She grins. “Aha! There you are.”
“What? Of course here I am.”
“No, I mean, you. Like, the real you, not this cheesy romance bullshit. The you from last night.”
“Excuse me, cheesy romance bullshit?”
“Flowers, candlelight, champagne, violin music? A necklace, for a girl you’ve just met? I don’t know what kind of girls you usually date, but …”
He dates girls who like “cheesy romance bullshit” and the rewards that come with it. These are the kinds of girls who want to date a Tlaloc—at least a Tlaloc who looks like him. These are the girls who won’t ask hard questions or make demands he prefers not to fulfill.
“And what kind of girl are you, Alicia? What would you prefer to do?”
“How about talk?” she says. “You could tell me about yourself.”
He shrugs. “There’s nothing to tell.”
“You go to school?”
“Sure,” he lies. “Who doesn’t? Junior year’s a bitch.”
“SATs, picking colleges, all that, right?” she says.
He nods like he knows what she’s talking about. Jago’s life doesn’t resemble that of the teenagers he sees on TV. He’s been homeschooled for his entire life, taught by tutors and physical trainers behind the walls of his family’s gated estate, trained not for a life of college and banal employment but for duty, sacrifice, courage, and, eventually, rule.
“I’m thinking about, uh, law school,” he says, wondering if that will impress her.
“Bullshit.”
“Excuse me?”
She stands up. “Do you think I haven’t figured out who you are, Feo? You must think I’m pretty stupid. And I don’t date people who think I’m stupid.”
“Wait! Please!”
Jago stops. Composes himself. All over the restaurant, heads are turning. He can’t afford to be seen like this, begging. Tlalocs do not beg. When he speaks again, it’s with imperious scorn. “What is it you think you know about me?”
“I know you’re Jago Tlaloc, that you’re part of some kind of mob family, and you’re the heir to it all. I know this whole city’s scared of you.” Her voice softens, almost imperceptibly. “And I know you’re a terrible dancer.” She shrugs. “That’s about it. I came here tonight because I wanted to know more—not because I want expensive champagne and jewelry. You can’t buy me, Jago. Not with a fancy dinner, and definitely not with a bunch of crap lies about your life. That’s not who I am. I didn’t think that was who you were.”
“It’s not,” he protests.
“Then prove it,” she says. “Show me who Jago Tlaloc is. The real one. The one I fell for the first time I saw him.”

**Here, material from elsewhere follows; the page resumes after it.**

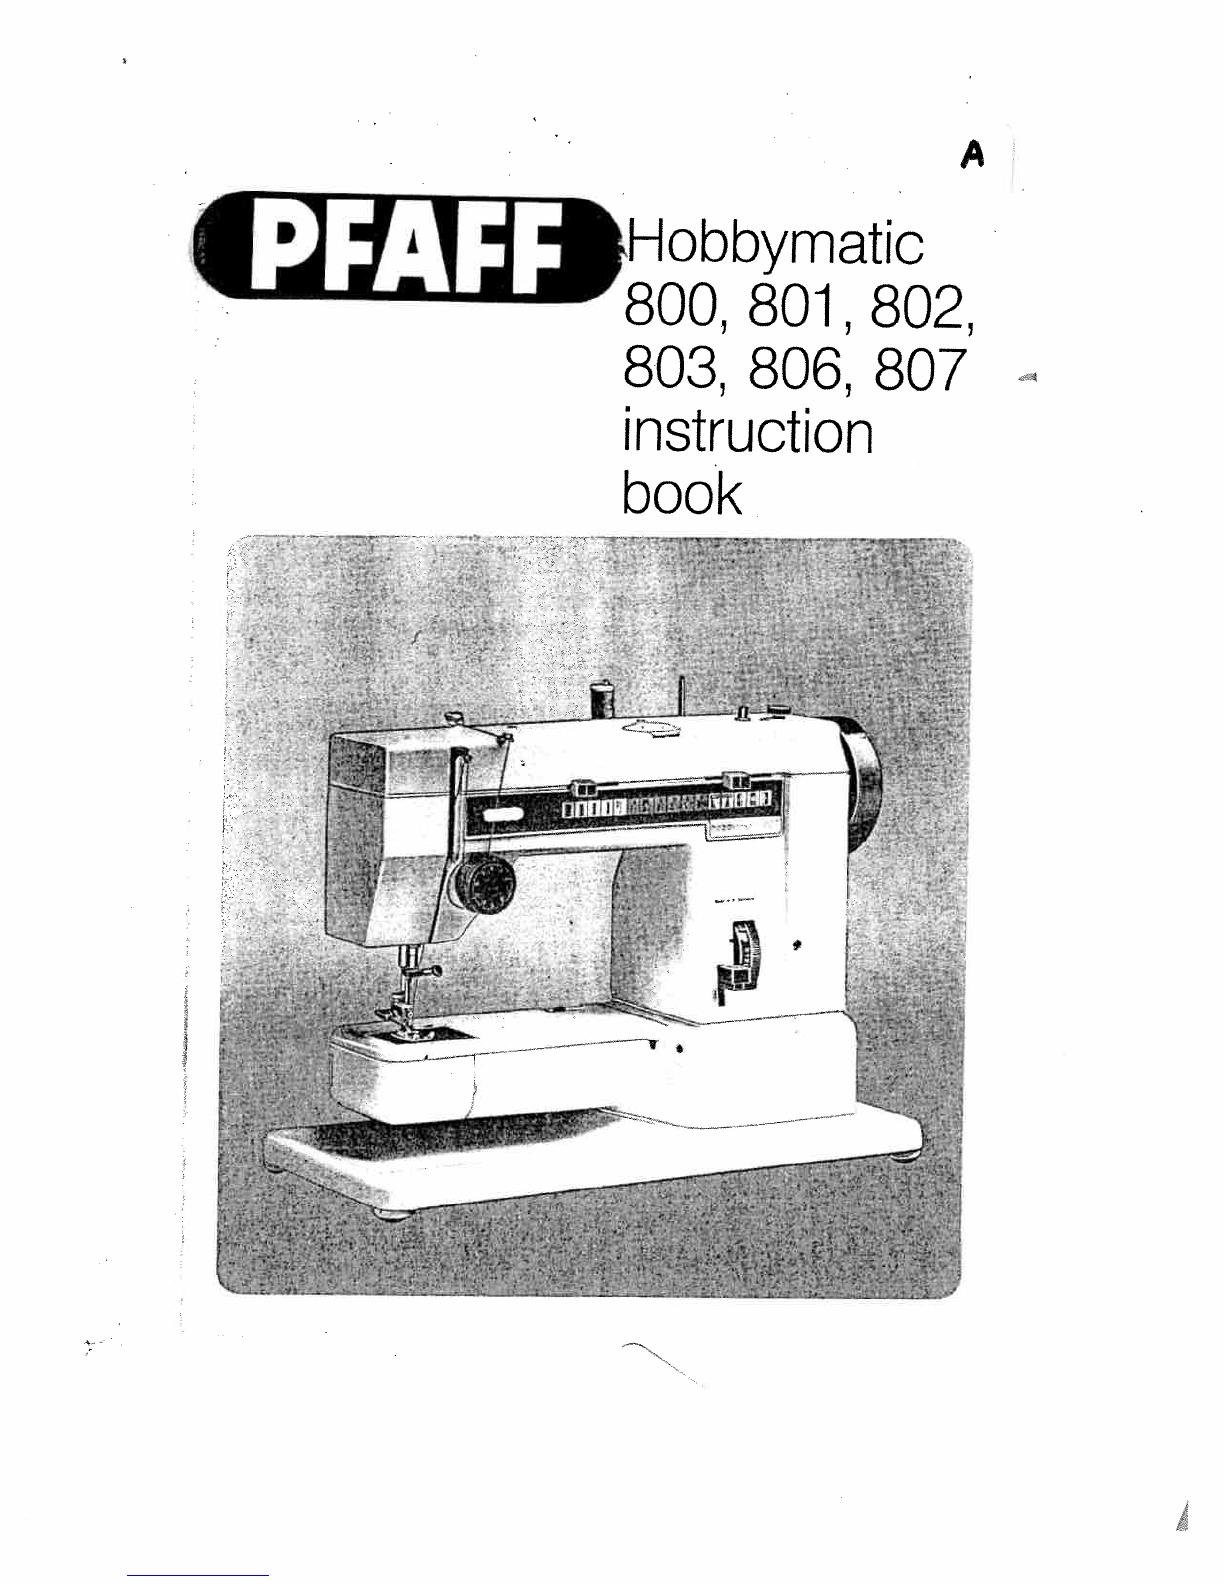 pfaff hobbymatic 803 bedienungsanleitung

“You … you did?” He doesn’t understand. No one could fall for him, just from looking at him. His face is not designed to melt hearts; it’s designed to freeze them.
“Of course I did,” she says. “I told you: I’m not stupid.”
They ditch the restaurant. Jago takes Alicia to his favorite street vendor, an old man who grills up anticuchos and picarones just north of the city center. She tries a bite of everything, and the way her eyes light up at her first taste of choclo con queso makes the whole night worthwhile. They sit on the edge of a crumbling brick wall overlooking a vacant lot and stuff themselves, licking the grease off their fingers and kissing it off each other’s lips, passing back and forth a frothing bottle of Pilsen Callao, and all the while, they talk.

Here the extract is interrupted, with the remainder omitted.